「世界で最も住みやすい都市」(英誌「エコノミスト」調査)として、ウィーン、メルボルンに続き、大阪が第3位に選ばれた。大阪がなぜという声もあるが、ベストテンに入っている都市に共通していることがある。「旧と新のまじりあい」だ。
「まじる」には、まじりあうものが見える「交じる」と、まじりあった元が見えなくなる「混じる」がある。

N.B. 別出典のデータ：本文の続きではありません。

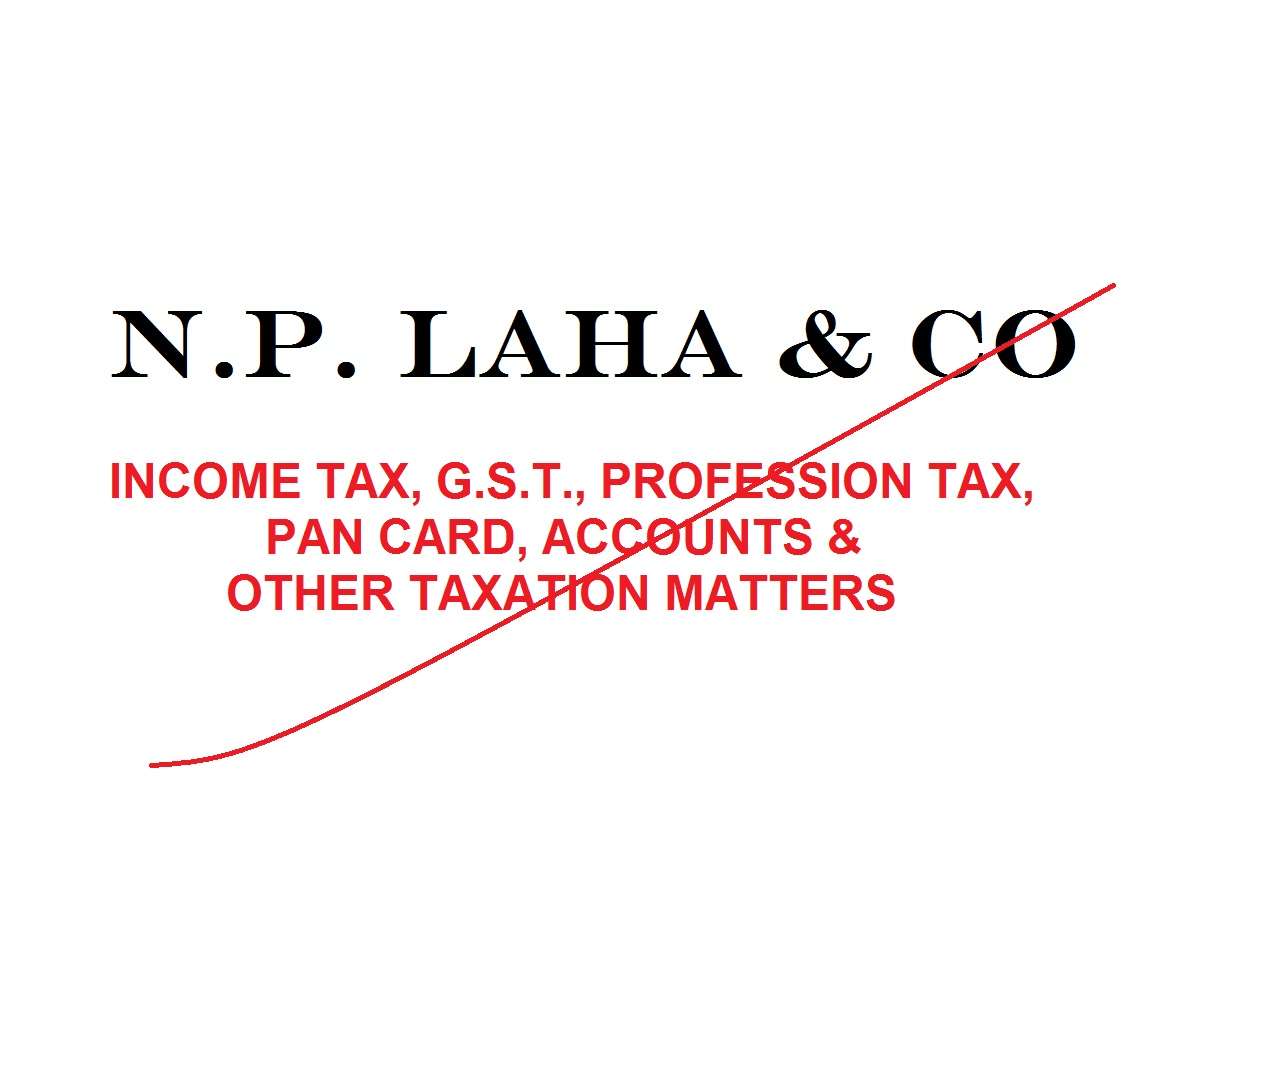 N.p. Laha & Co.
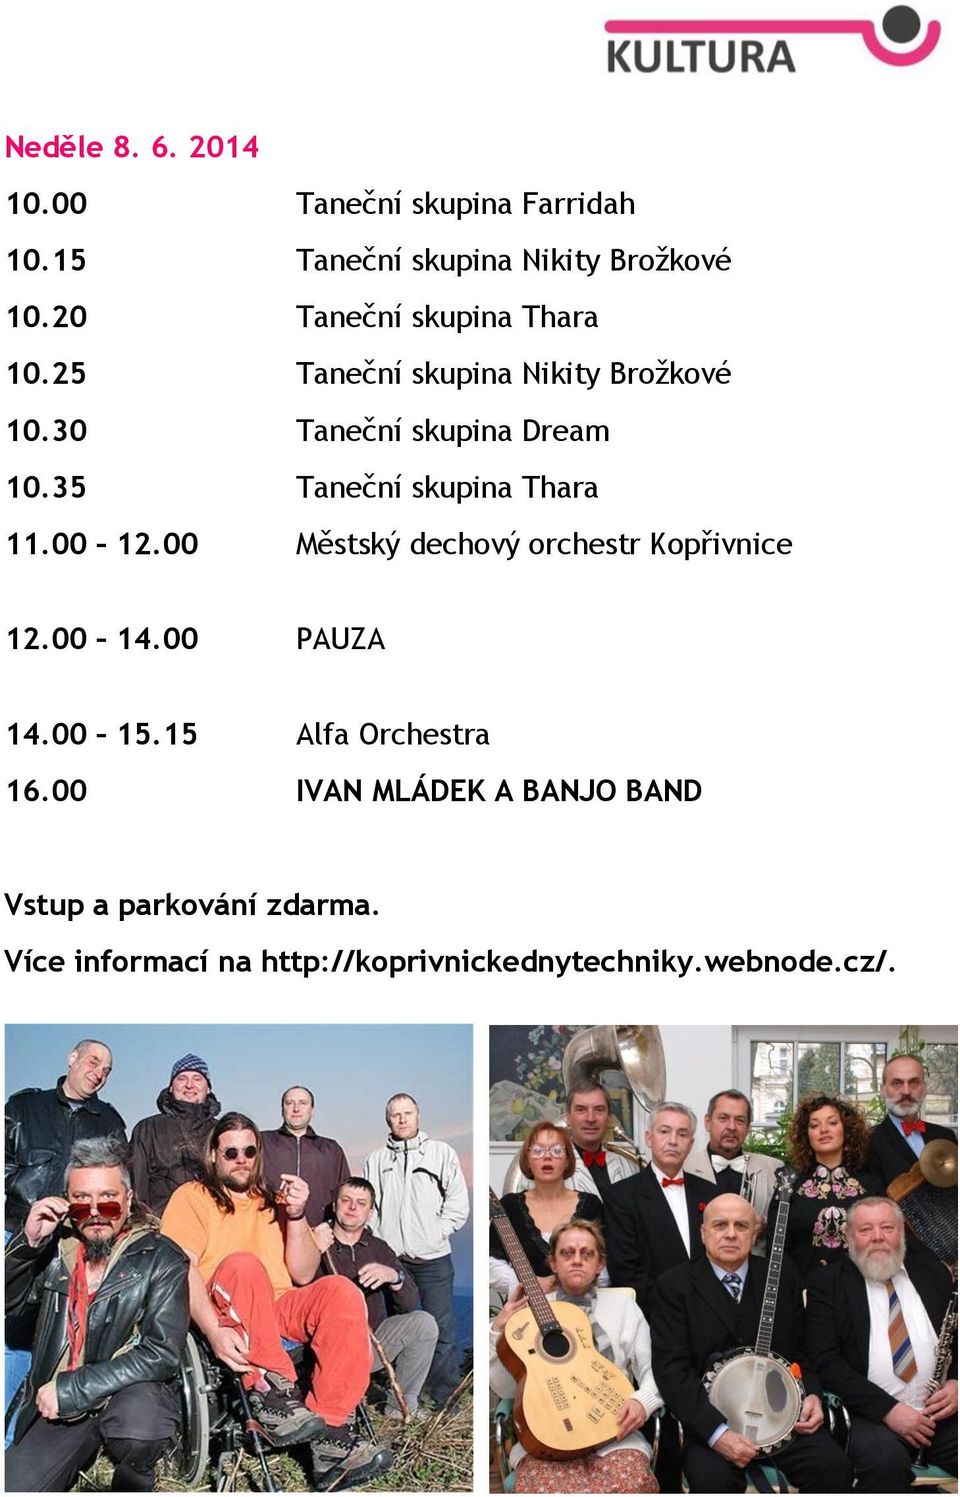 35 Taneční skupina Thara 11.00 12.00 Městský dechový orchestr Kopřivnice 12.00 14.00 PAUZA 14.00 15.

「混」という漢字は「シ(さんずい)」(水の意)と「昆(こん)」(丸くまとまる)で構成され、流れる「水」が丸くまとまっていくさまを表す。この「混」こそが都市をつくりだす重要な要素である。
「混じりあう都市」とはどんな都市なのか。
①多様な世代、人々が混じりあう ②さまざまな都市利用と目的が混じりあう ③過去・現在・未来が混じりあう ④海・山・川とビル・家・道路といった自然と人工物が混じりあう─。それらが、住む人、学ぶ人、働く人にとってのよりよい都市をつくりあげる。
そんな「混じりあう都市」こそ大阪。大阪港・淀川・堀などの水路ネットワークという強みを活かし、古代から現代にかけて、人・物・情報が大阪を拠点に往来・交易し、混じりあい融合し、新しく魅力的な価値を生みだしてきた。今も大阪は新たな価値を生みだしている。